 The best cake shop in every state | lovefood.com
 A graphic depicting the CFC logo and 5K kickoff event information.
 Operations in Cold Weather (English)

...

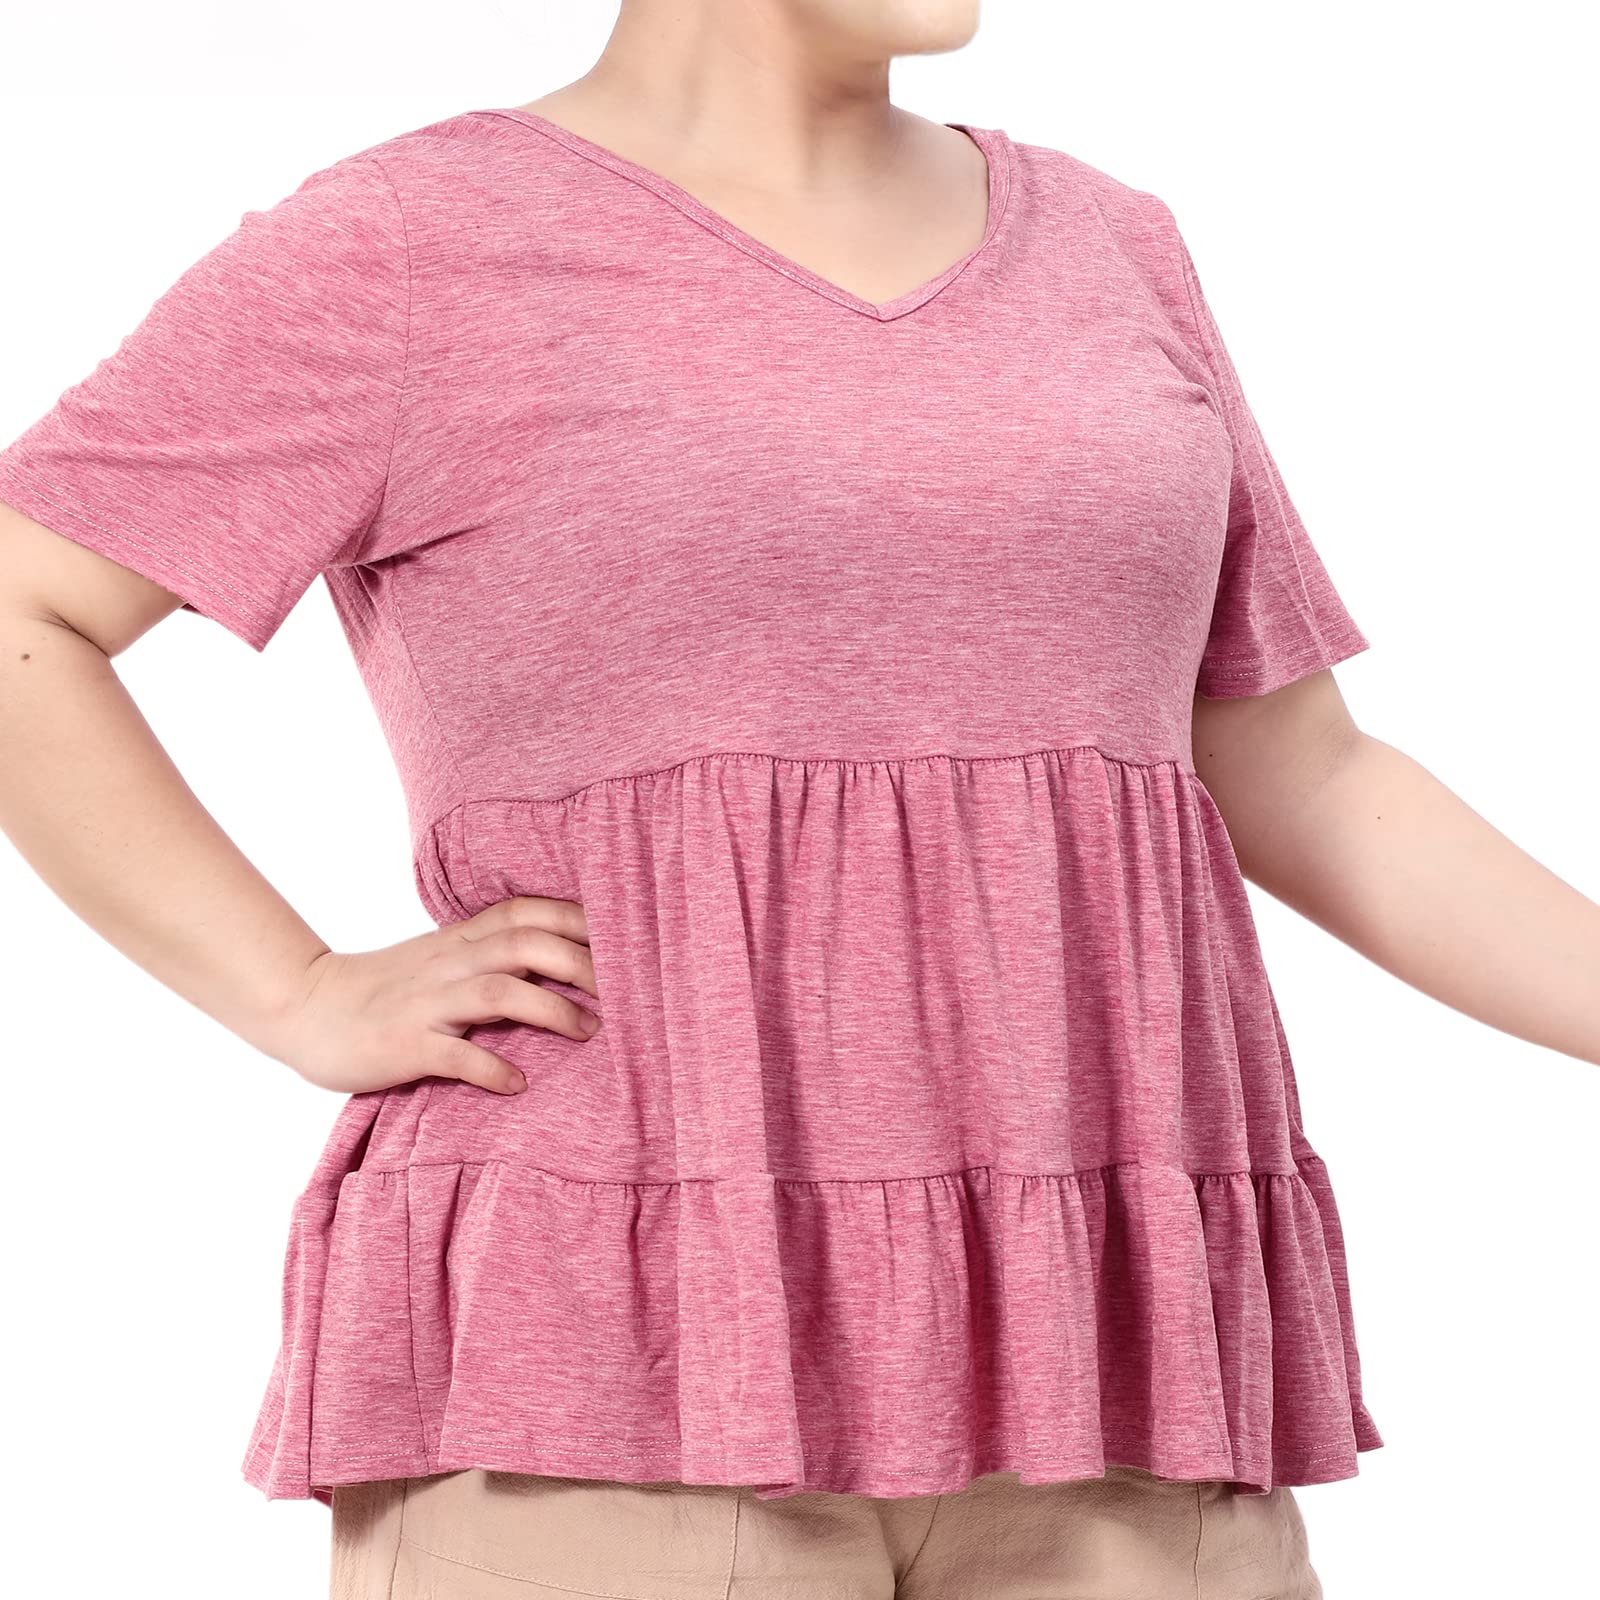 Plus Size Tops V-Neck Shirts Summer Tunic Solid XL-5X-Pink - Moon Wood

**Instructions to follow**
Please return the lines above that run from the line containing "A graphic depicting" to the line containing "Operations in Cold Weather (English)", inclusive, exactly and with no other lines.

**Solution to the problem**
 A graphic depicting the CFC logo and 5K kickoff event information.
 Operations in Cold Weather (English)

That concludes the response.